The longest time however, it took to speak the thing itself, the opening frase in the fate of the jedi series, "the darkness is eternal, all powerful, unchangeable."
That alone took over 40 seconds to run. Besides, the voice had intonation issues, like those from 15.ai, missplaced pauses and all. There are natural sounding that don't require so much time to run, like vocalizer and acapela. If I want free, then I just take rhvoice.
Have I done something wrong to make it cause this?

2021-05-29 18:26:01

@15
No, probably not.  That was the point I was trying to make.  Jonikster has seen their "in realtime on a CPU" claim and has drawn the wrong conclusion from it.  This stuff is actually that slow.

You might be able to get a really fast version of it running if you have a compatible GPU and jump through a bunch of hoops to get whatever ml framework they're using to recognize it, and maybe that'd work for audiobooks in a reasonable amount of time.  Honestly 1 word every 5 seconds works for audiobooks if you don't mind running it for days, so it could still maybe work for that.

I see the point of this: OP speaks a language without good synths.  This is part of why I want to write one, because I think that properly applied and sacrificing characteristics that sighted people care about, it could be pretty automatic.  But you really can't just shove these models into a laptop.  The unspoken caveat about that speed thing is that they're measuring it on really beefy servers with more cores than my tower and a bunch of SSDs and stuff.

My Blog
Twitter: @ajhicks1992

2021-05-29 22:30:03

@bgt lover
Rhvoice is the best option.

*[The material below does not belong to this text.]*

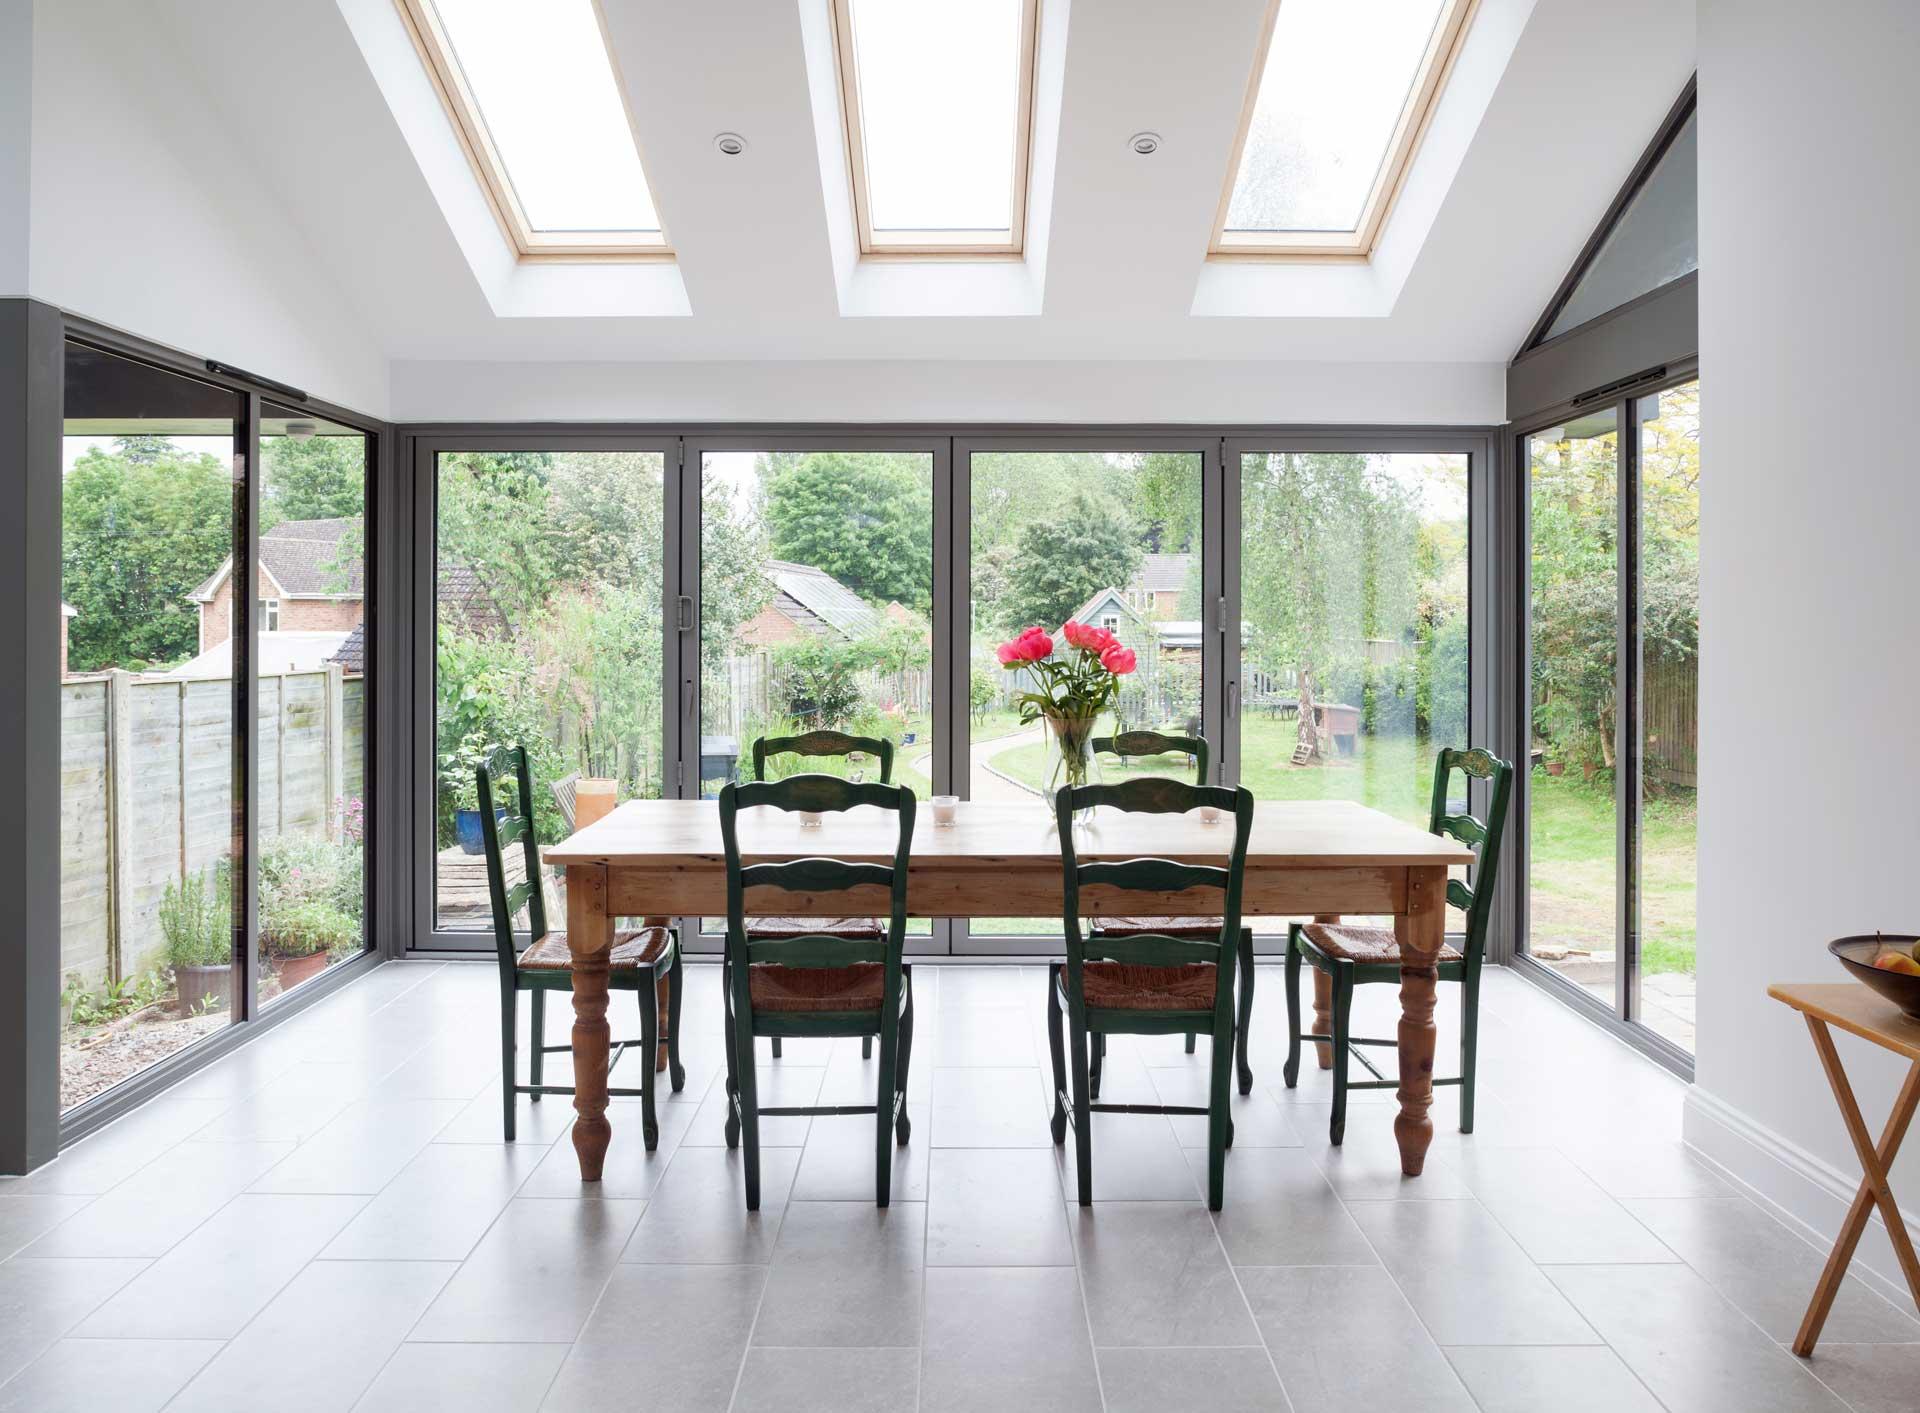 uPVC window replacement prices Market Weighton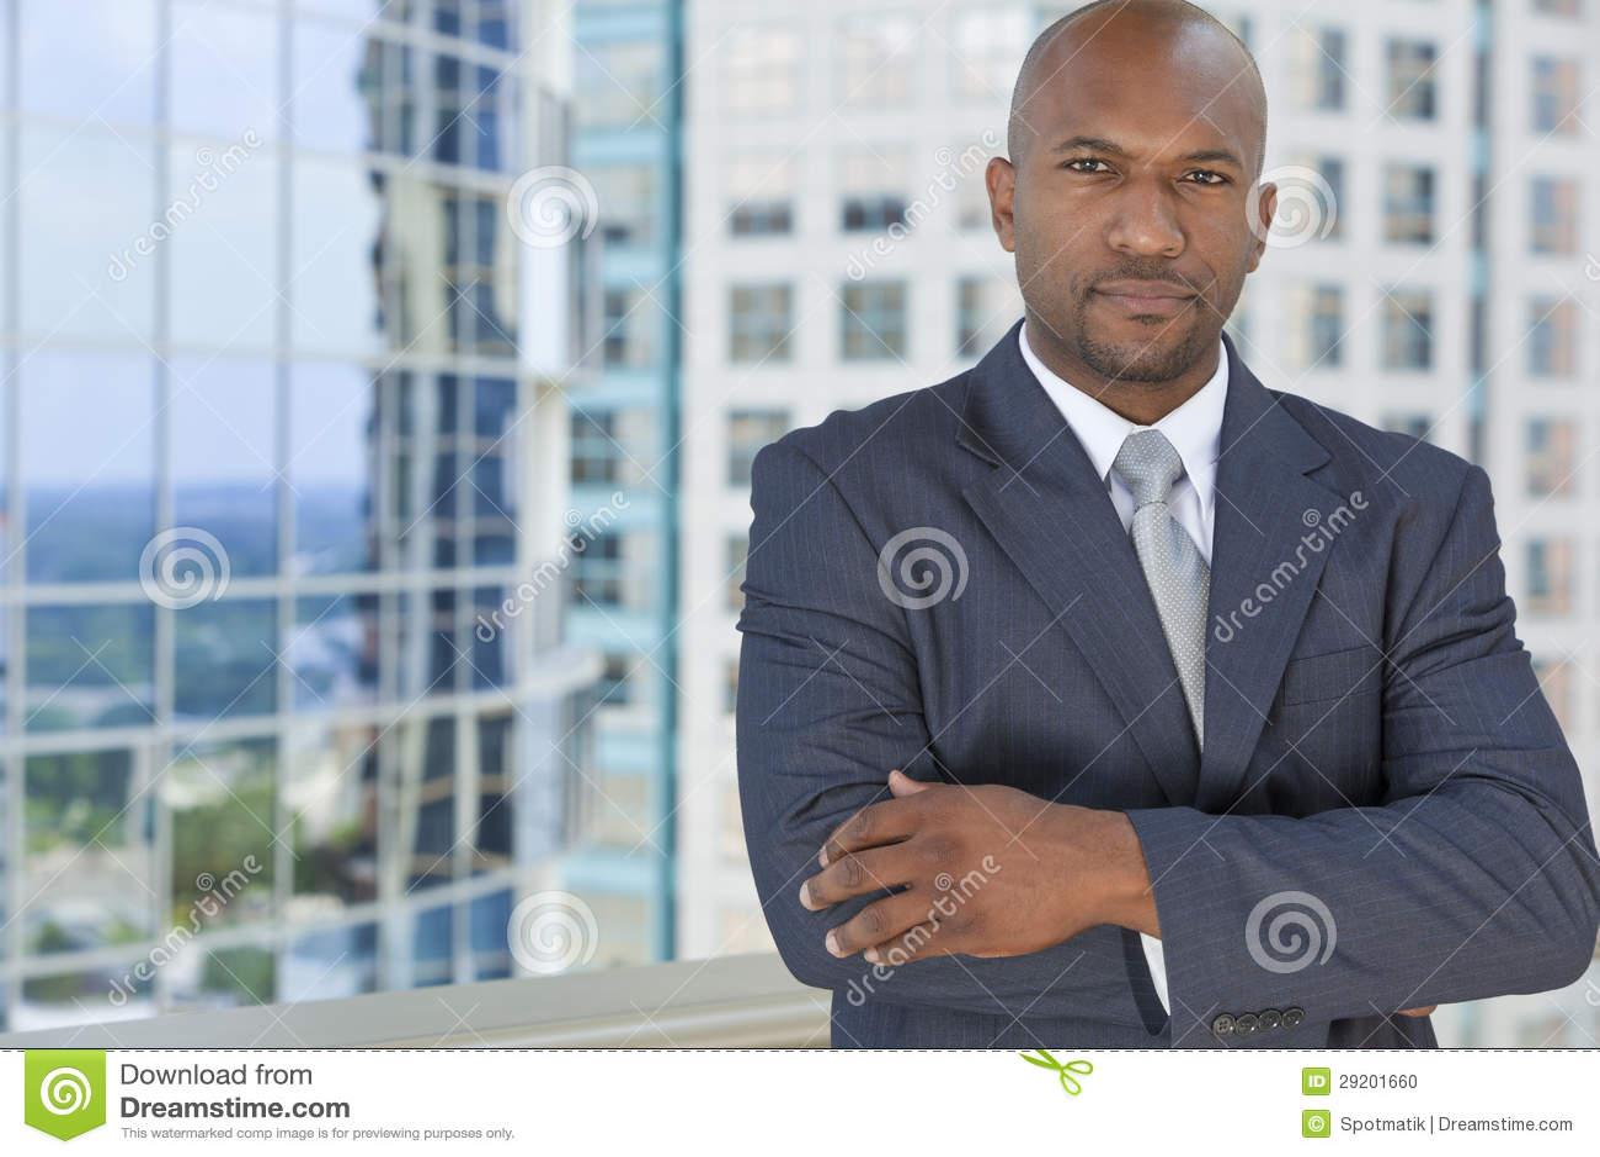 Successful African American Man or Businessman

But, there is no documentation for it! I would gladly create a synthesizer for Rhvoice...

2021-05-29 22:54:36

@17, there already is one

"On two occasions I have been asked [by members of Parliament!]: 'Pray, Mr. Babbage, if you put into the machine wrong figures, will the right answers come out ?' I am not able rightly to apprehend the kind of confusion of ideas that could provoke such a question."    — Charles Babbage.
My Github

2021-05-29 23:35:08

wait where the frickle do i find the documentation please?

I am a hunter named Grunt. I didn't realize that until now.

2021-05-31 23:28:48

Is some polish pretrained model available? I want to test it, but not in English.